DATASET CONTENT -
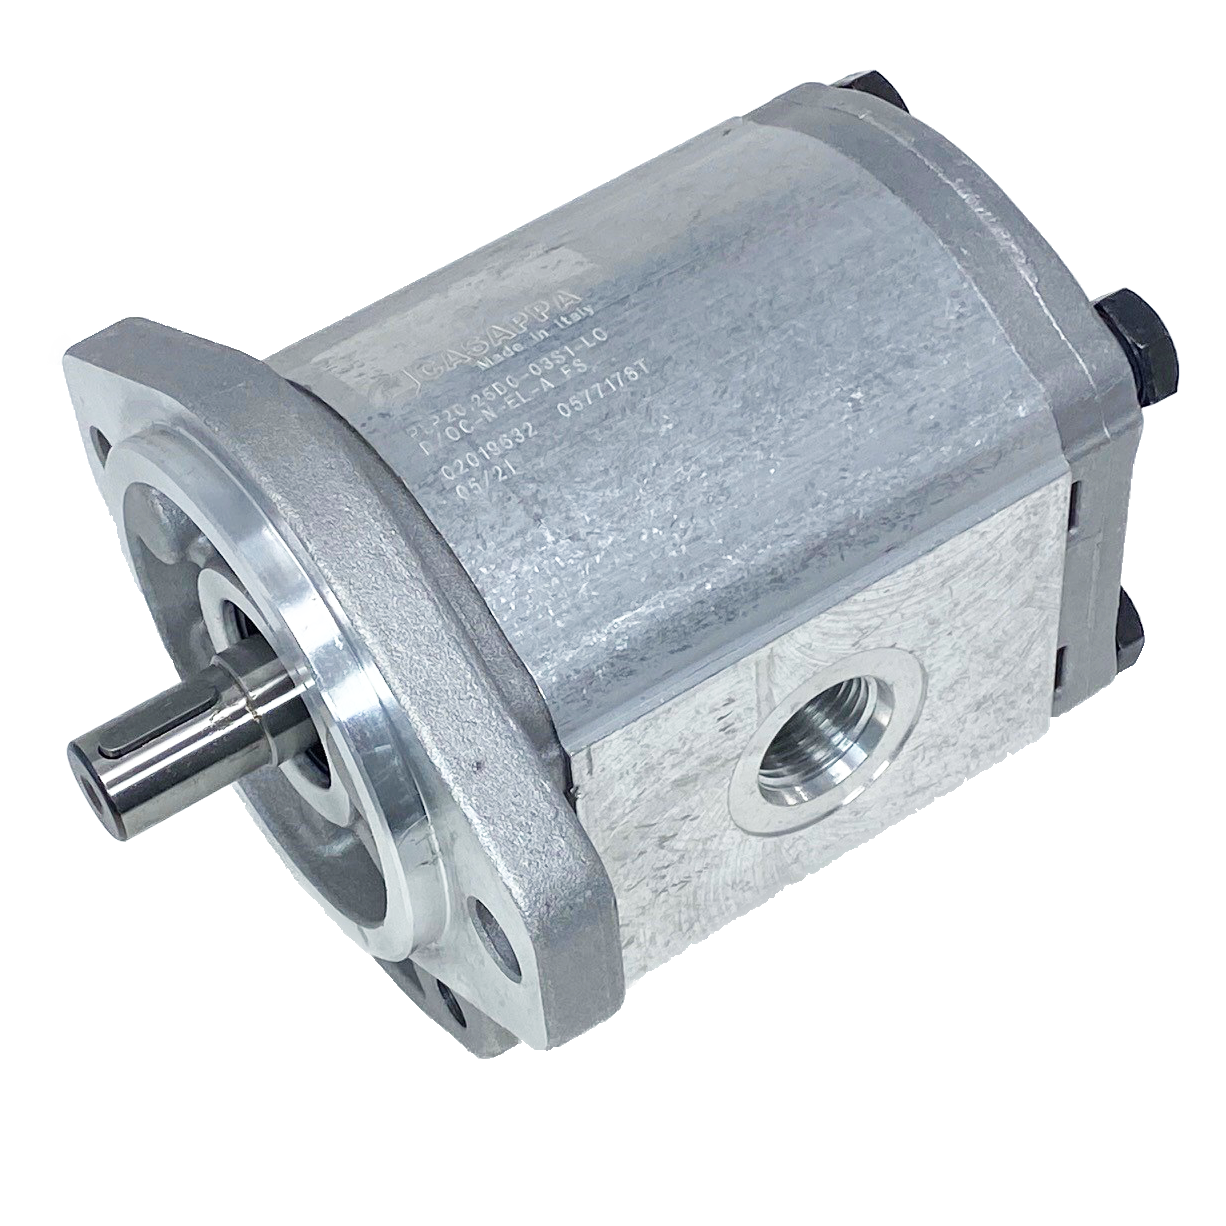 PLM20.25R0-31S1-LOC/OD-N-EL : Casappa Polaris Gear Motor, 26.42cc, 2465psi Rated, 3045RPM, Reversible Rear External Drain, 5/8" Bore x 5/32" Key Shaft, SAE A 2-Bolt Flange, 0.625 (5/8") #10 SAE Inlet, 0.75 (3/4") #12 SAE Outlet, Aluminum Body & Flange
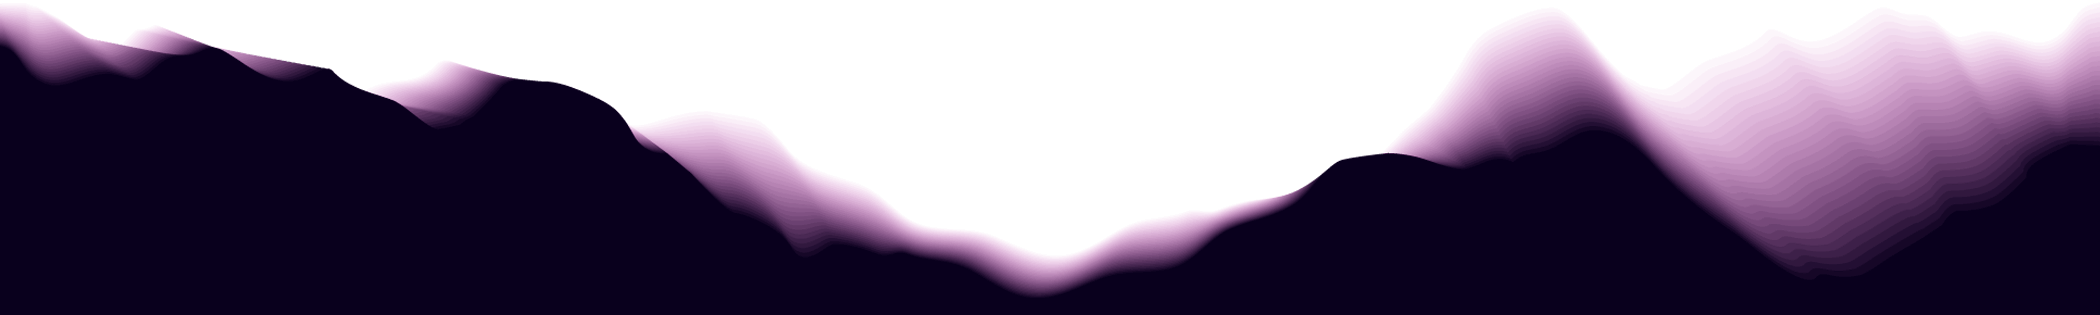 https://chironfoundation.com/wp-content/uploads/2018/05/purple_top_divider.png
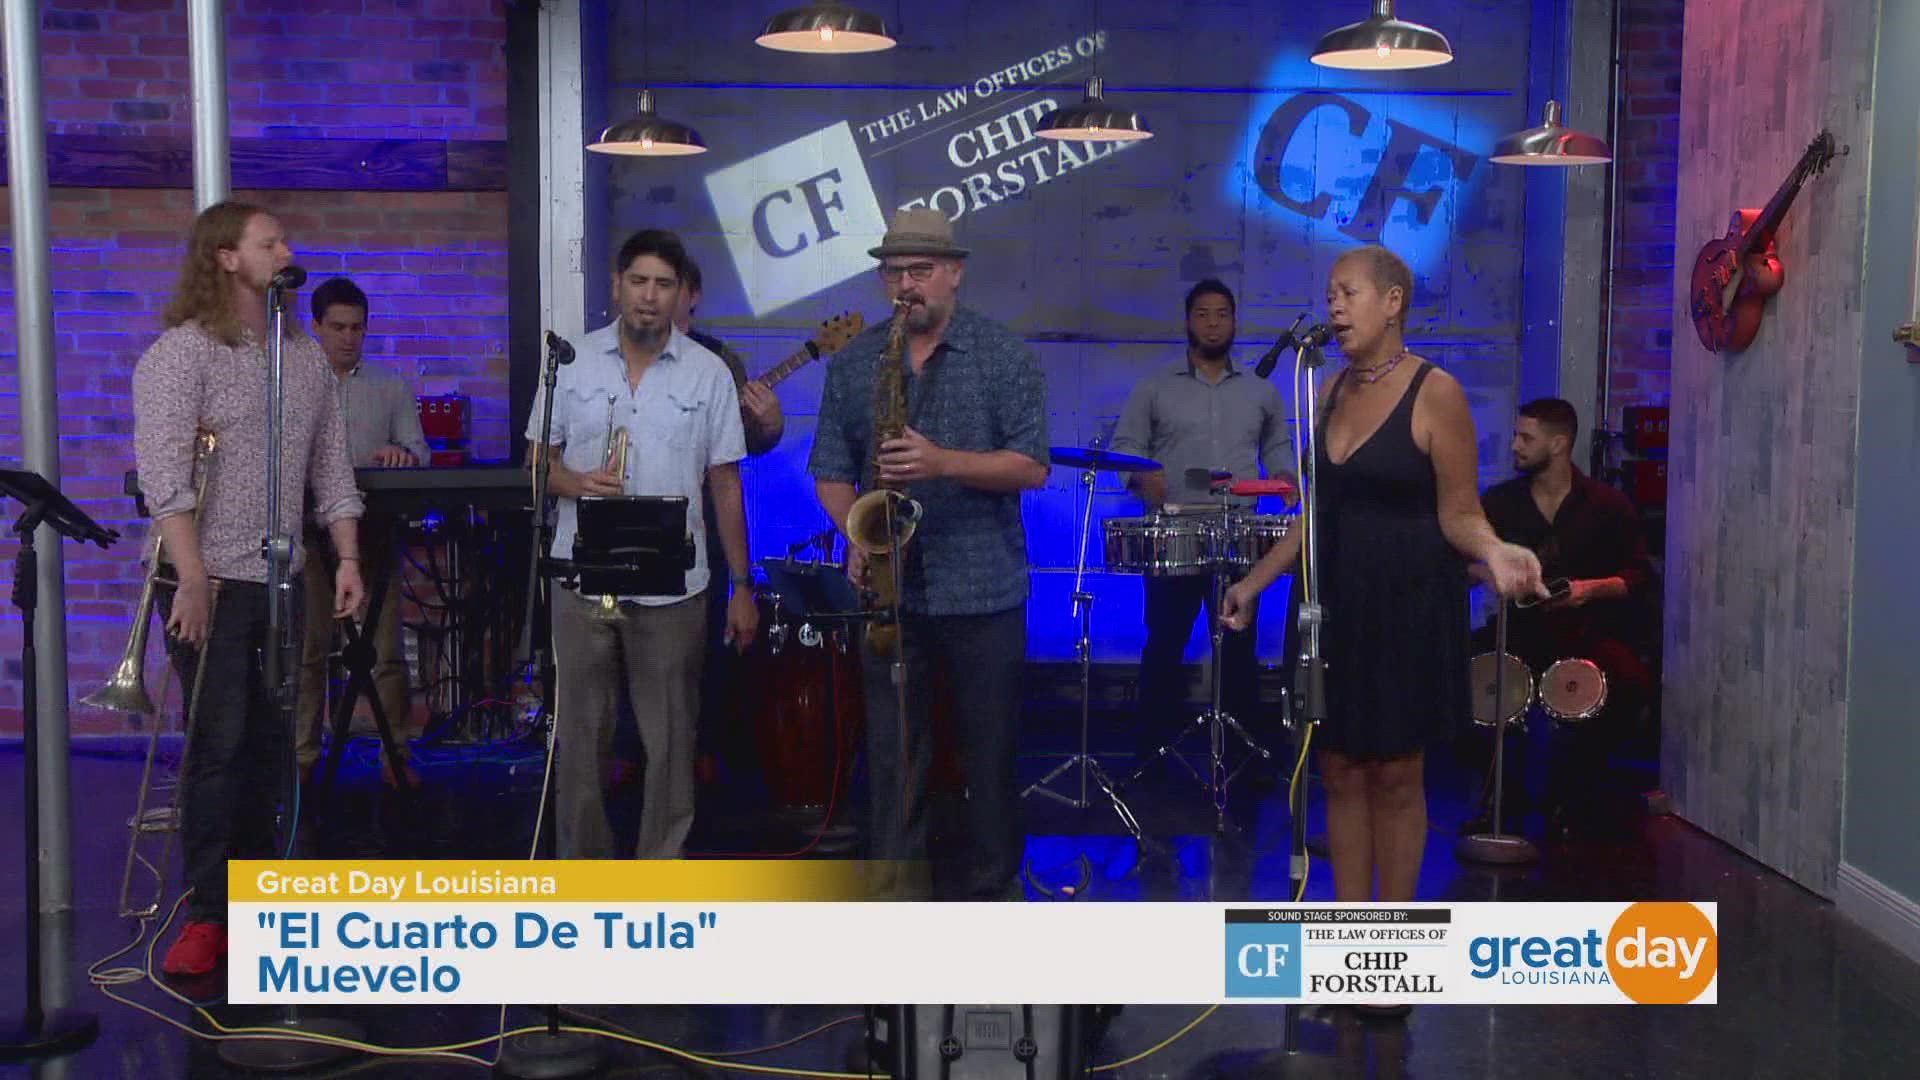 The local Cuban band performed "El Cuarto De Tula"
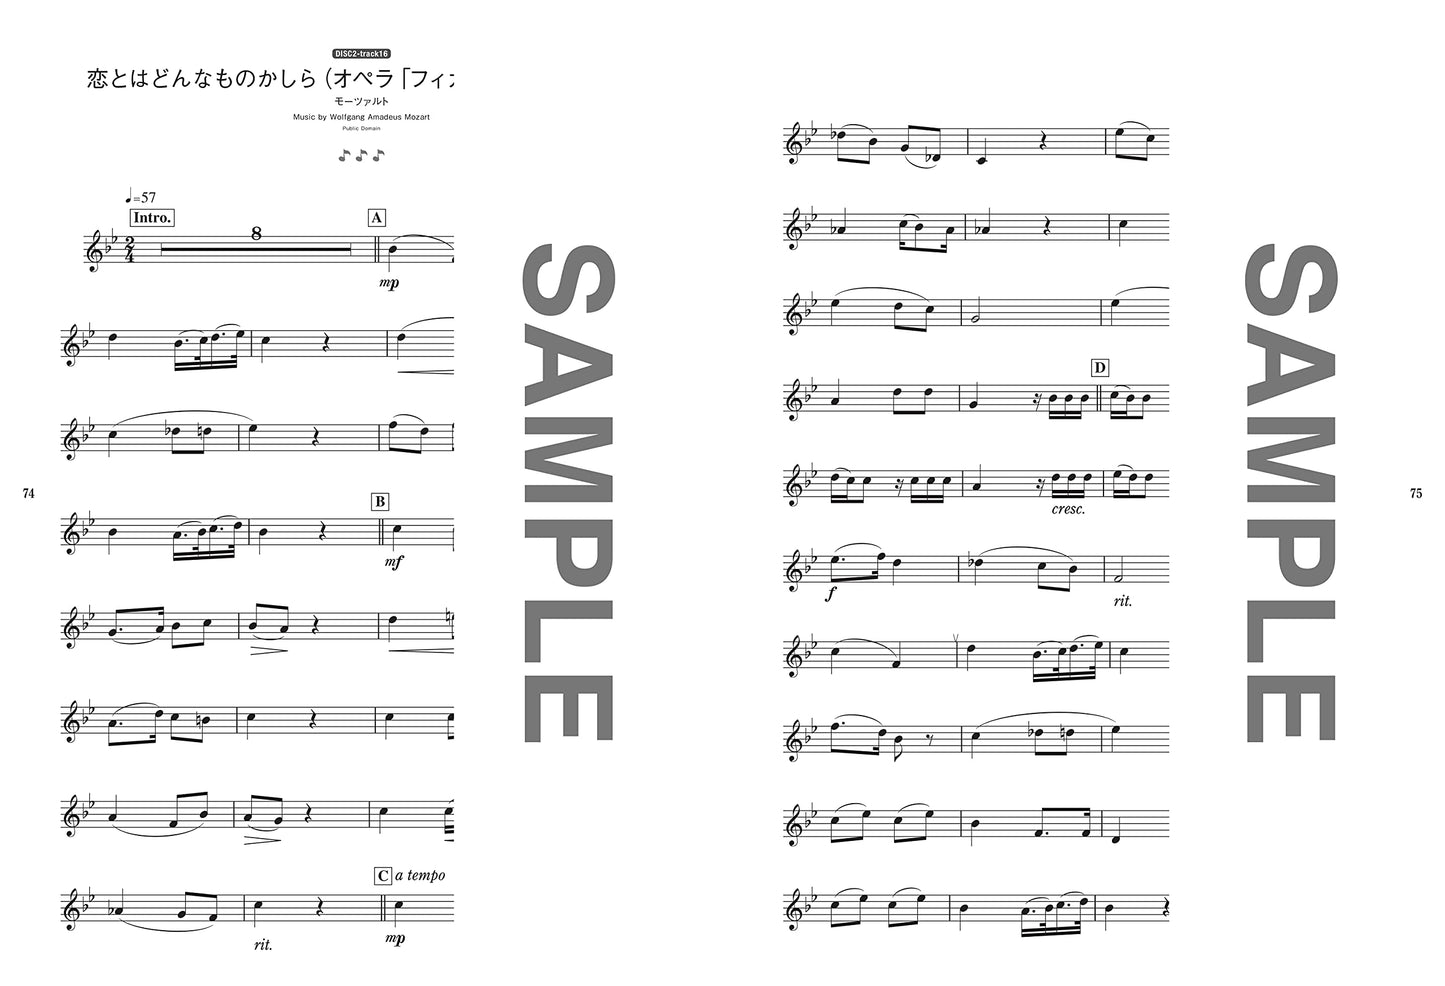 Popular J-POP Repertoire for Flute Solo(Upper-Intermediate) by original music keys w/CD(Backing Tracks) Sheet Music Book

EXERCISE REQUIREMENTS -
Leaving the pictures out, copy exactly the lines from the line that contains "The local Cuban" to the last line of the data, both ends included.

RESPONSE AREA -
 The local Cuban band performed "El Cuarto De Tula"
 Popular J-POP Repertoire for Flute Solo(Upper-Intermediate) by original music keys w/CD(Backing Tracks) Sheet Music Book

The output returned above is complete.